Source data:
%%

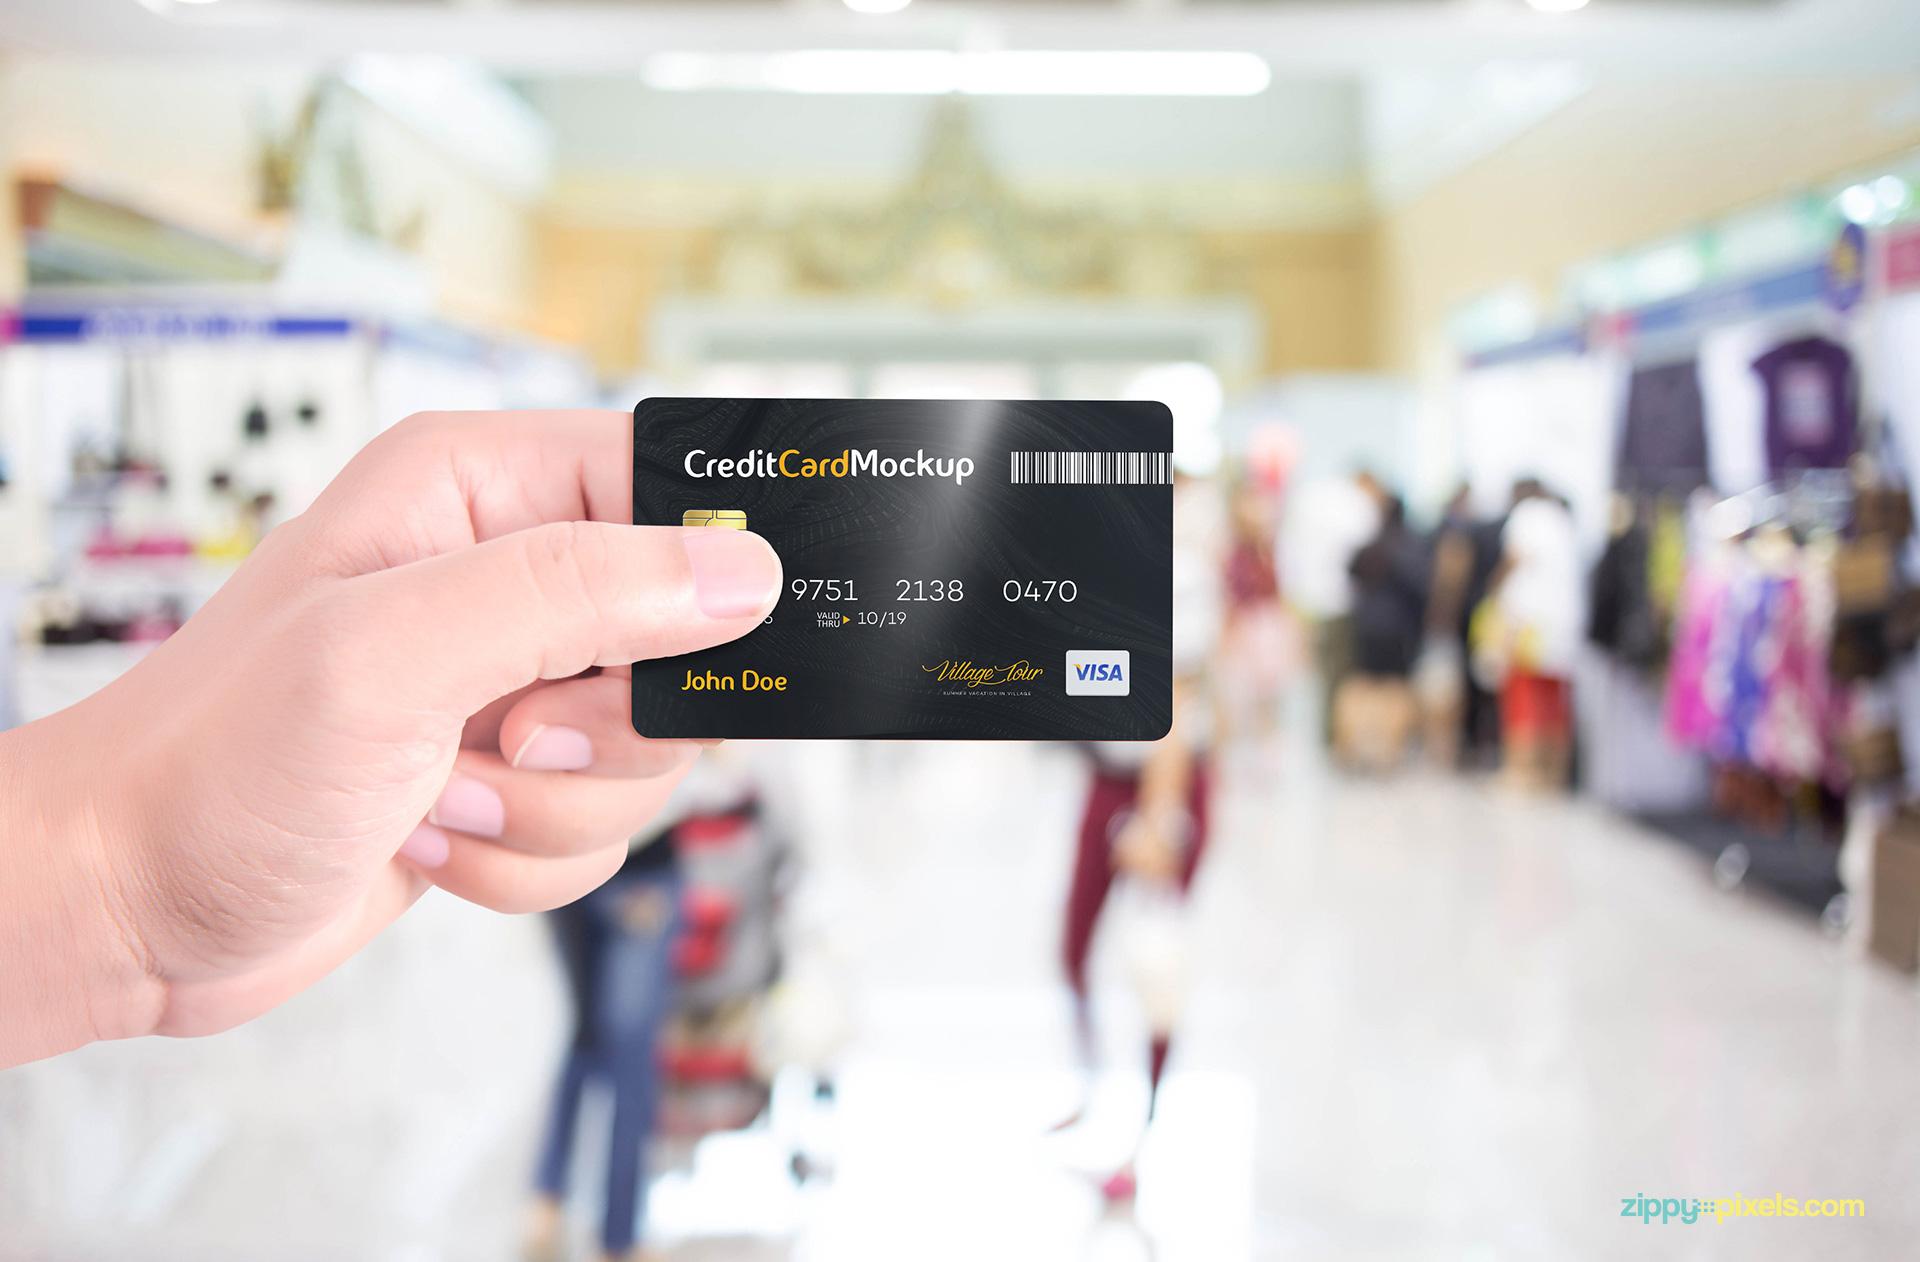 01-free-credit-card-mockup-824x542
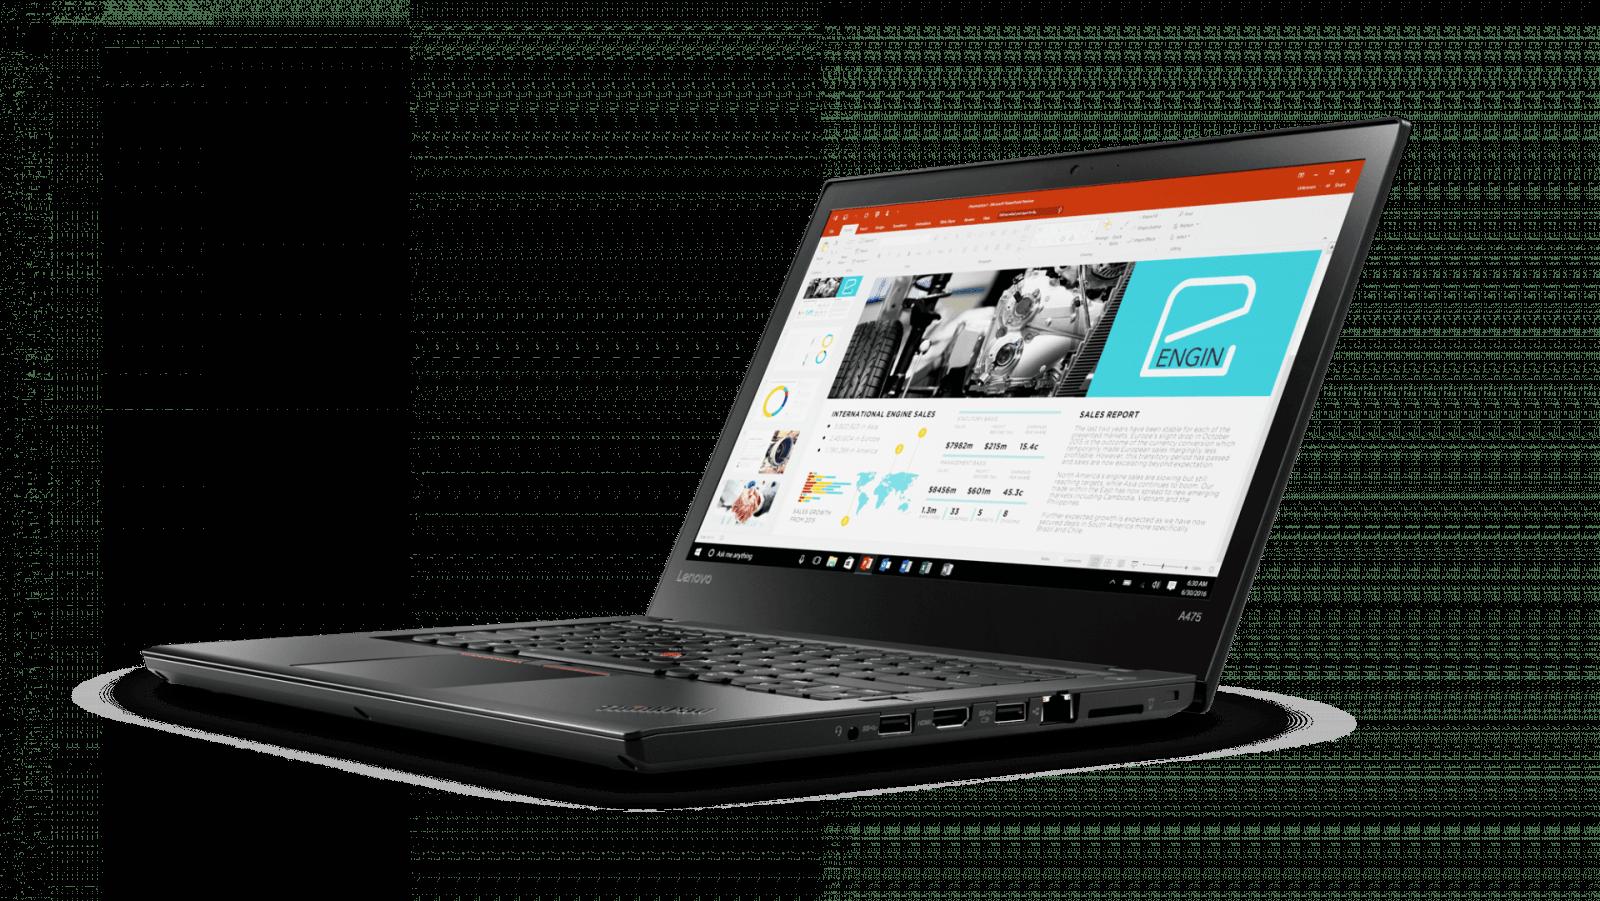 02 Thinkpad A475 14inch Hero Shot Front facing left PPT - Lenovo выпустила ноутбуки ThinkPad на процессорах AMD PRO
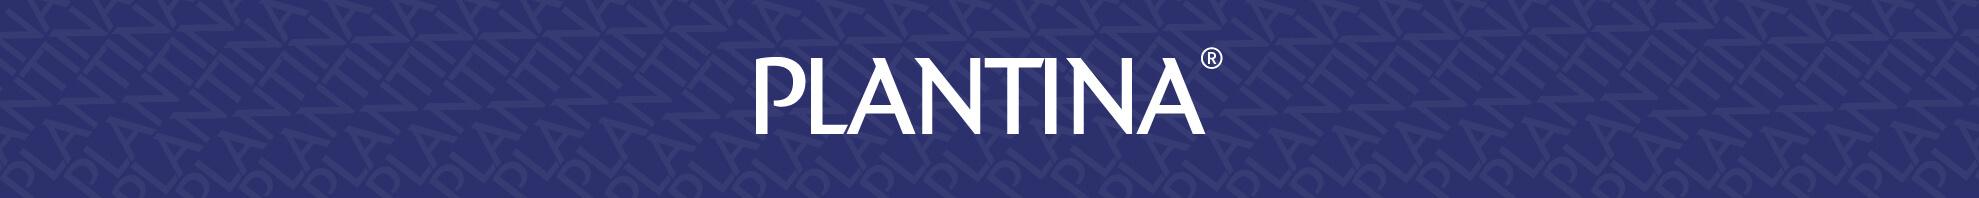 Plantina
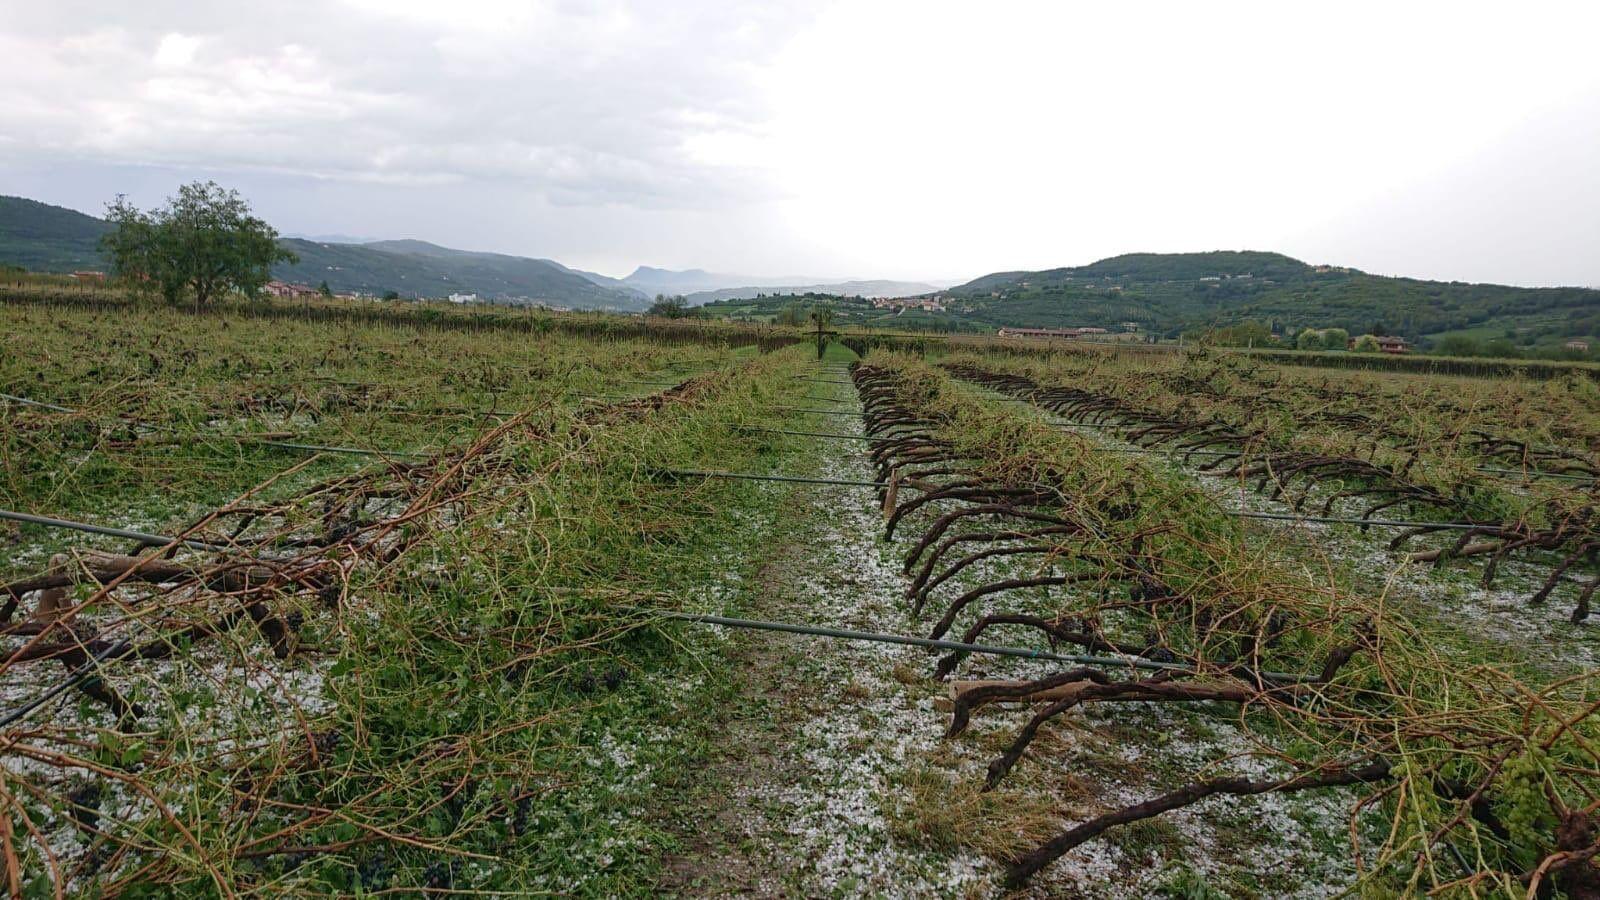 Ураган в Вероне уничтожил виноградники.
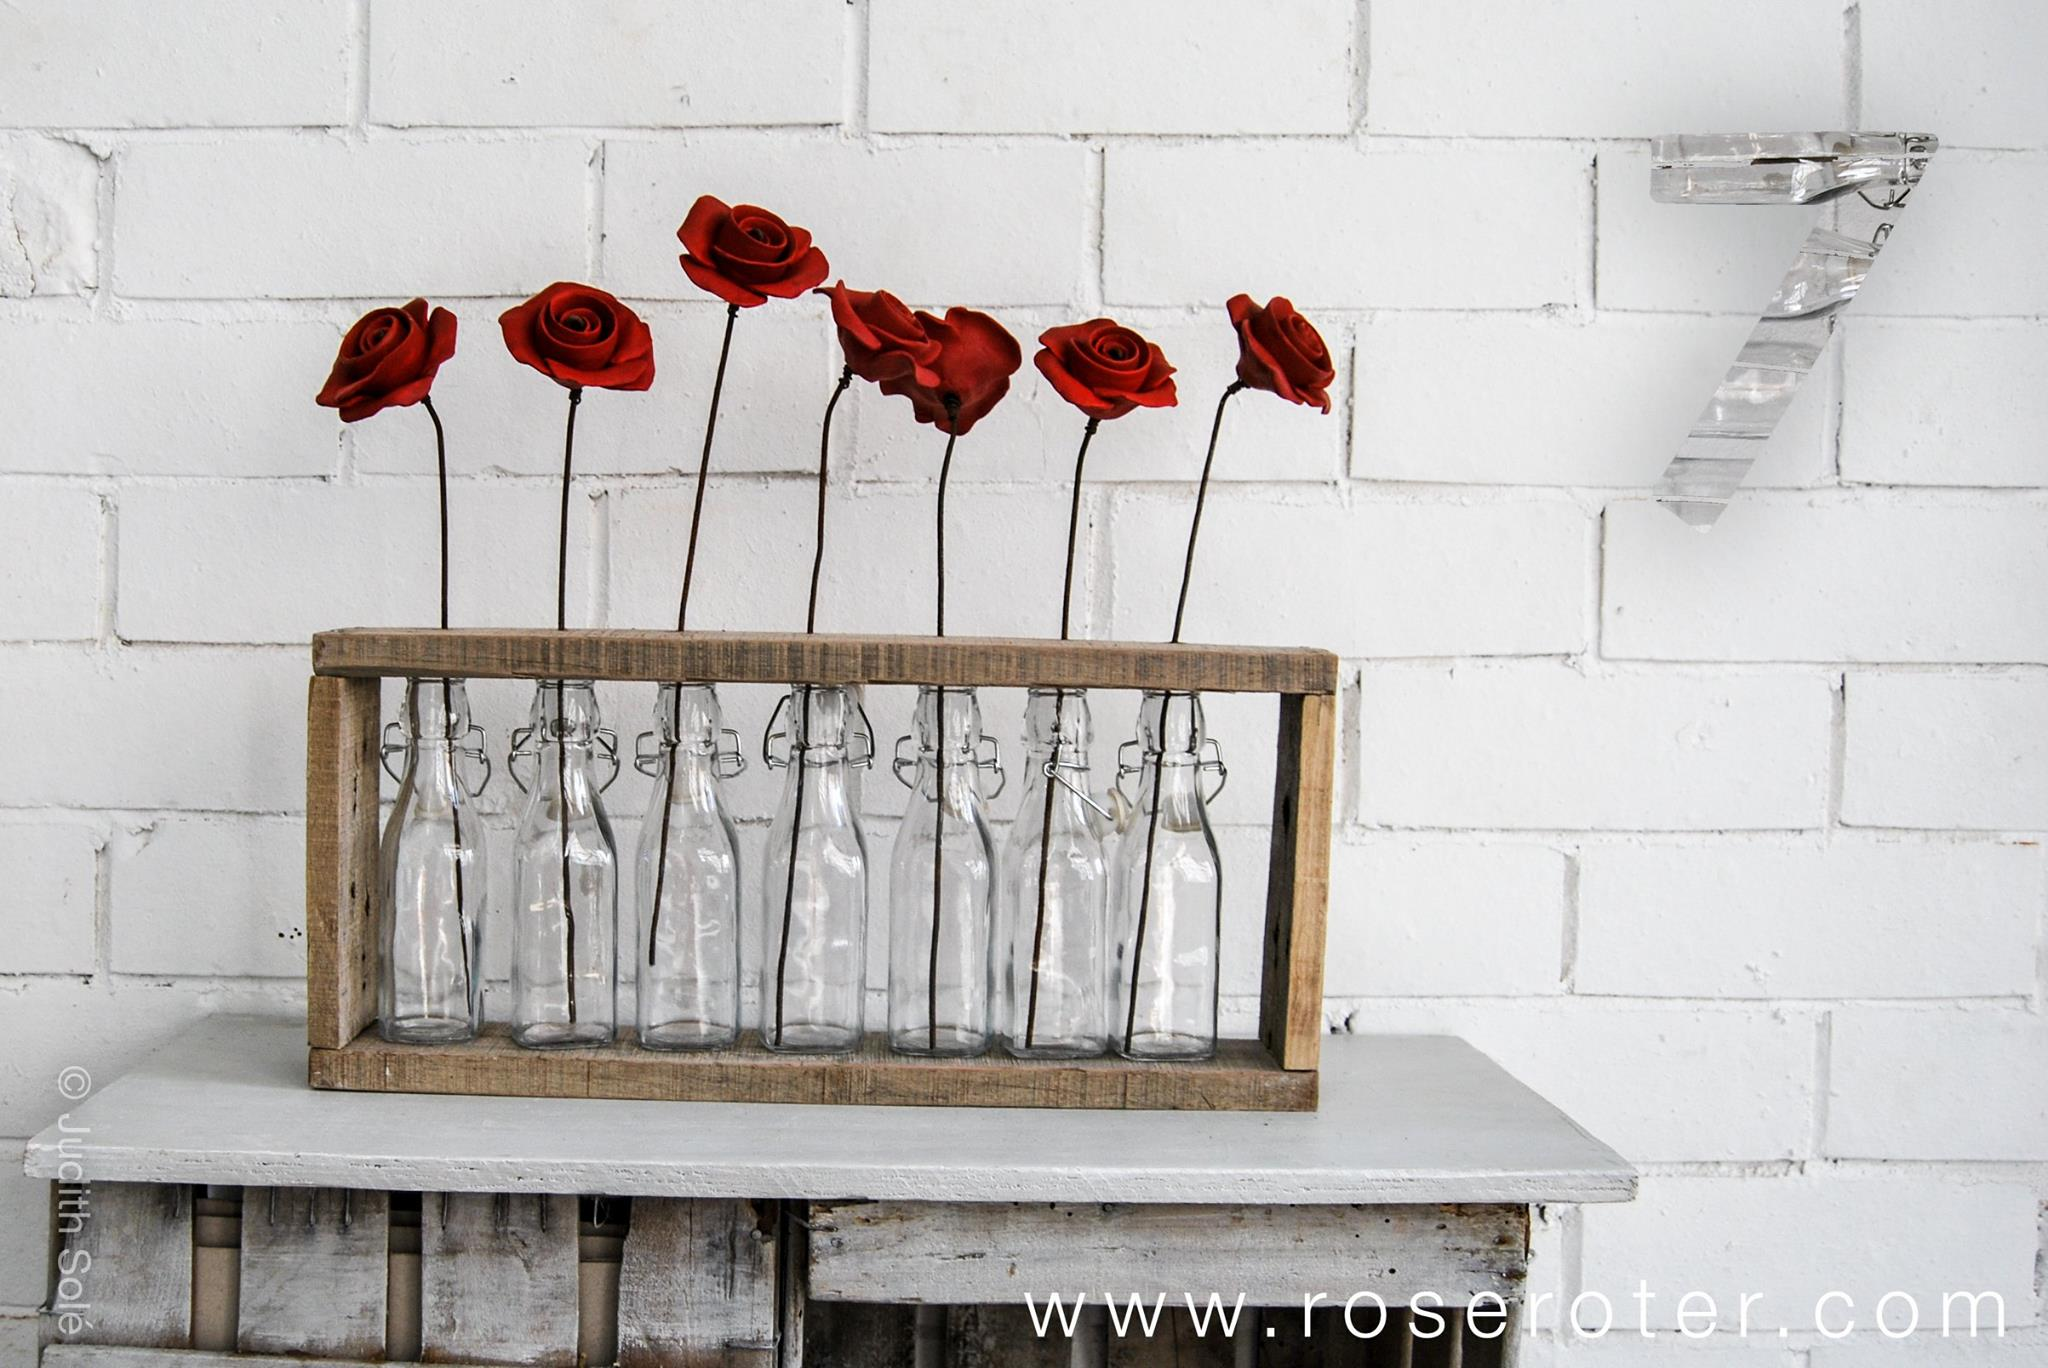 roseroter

%%

• **Problem to solve**
Every line of the data above should be returned exactly, with the pictures removed.

• **Exercise response**
 01-free-credit-card-mockup-824x542
 02 Thinkpad A475 14inch Hero Shot Front facing left PPT - Lenovo выпустила ноутбуки ThinkPad на процессорах AMD PRO
 Plantina
 Ураган в Вероне уничтожил виноградники.
 roseroter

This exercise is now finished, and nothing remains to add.